From award-winning author Elizabeth Hand comes the first-ever novel authorized to return to the world of Shirley Jackson's The Haunting of Hill House—a "scary and beautifully written" (Neil Gaiman) new story of isolation and longing perfect for our present time.

Open the door . . . .

Holly Sherwin has been a struggling playwright for years, but now, after receiving a grant to develop her play Witching Night, she may finally be close to her big break. All she needs is time and space to bring her vision to life. When she stumbles across Hill House on a weekend getaway upstate, she is immediately taken in by the mansion, nearly hidden outside a remote village. It’s enormous, old, and ever-so eerie—the perfect place to develop and rehearse her play.

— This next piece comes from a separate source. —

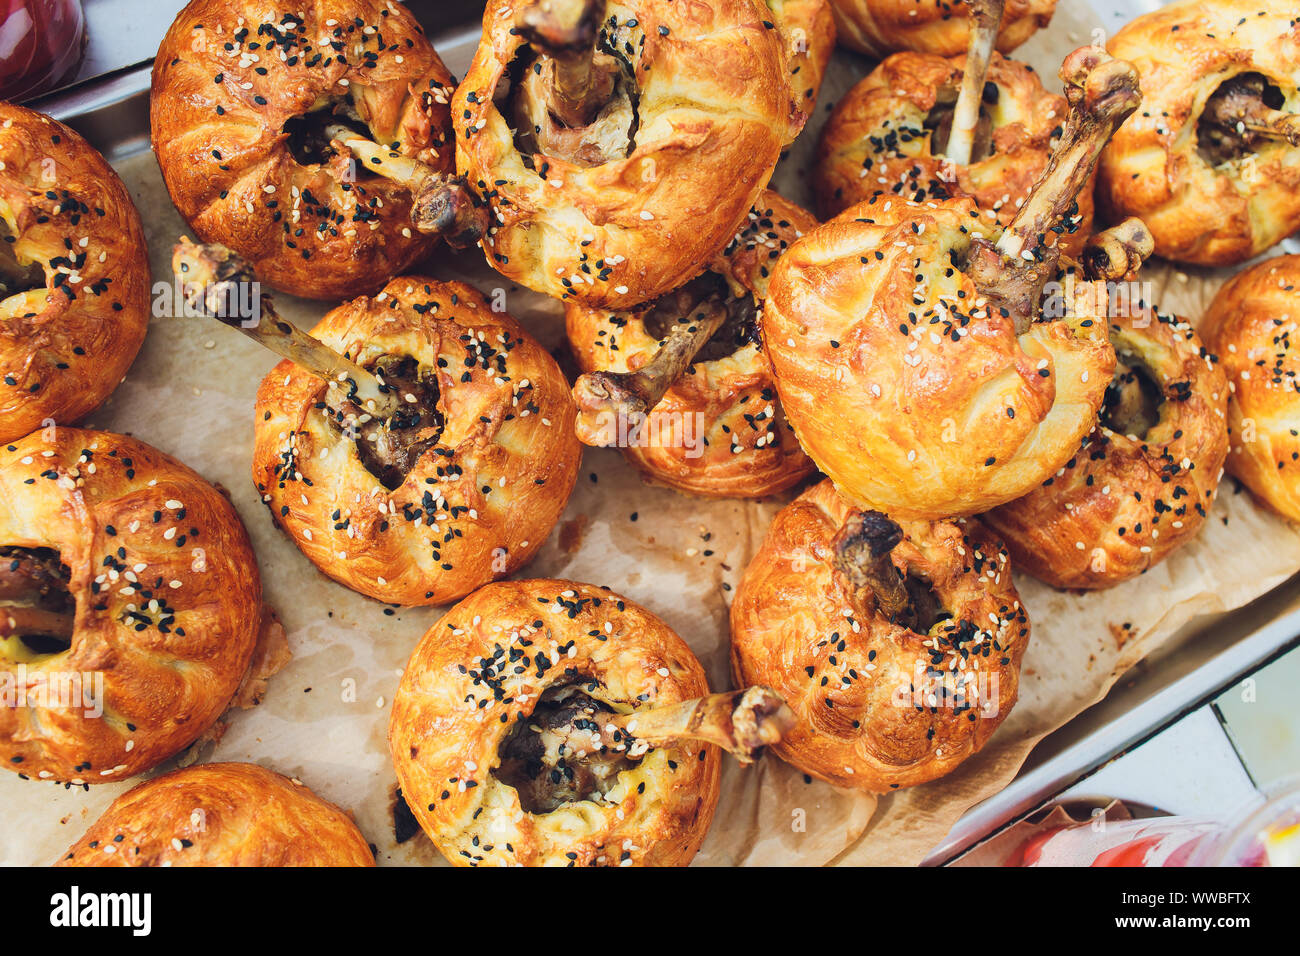 Chicken legs in pastry.Chicken leg in puff pastry on table.Baked chicken Stock Photo

Despite her own hesitations, Holly’s girlfriend, Nisa, agrees to join Holly in renting the house for a month, and soon a troupe of actors, each with ghosts of their own, arrive. Yet as they settle in, the house’s peculiarities are made known: strange creatures stalk the grounds, disturbing sounds echo throughout the halls, and time itself seems to shift. All too soon, Holly and her friends find themselves at odds not just with one another, but with the house itself. It seems something has been waiting in Hill House all these years, and it no longer intends to walk alone . . .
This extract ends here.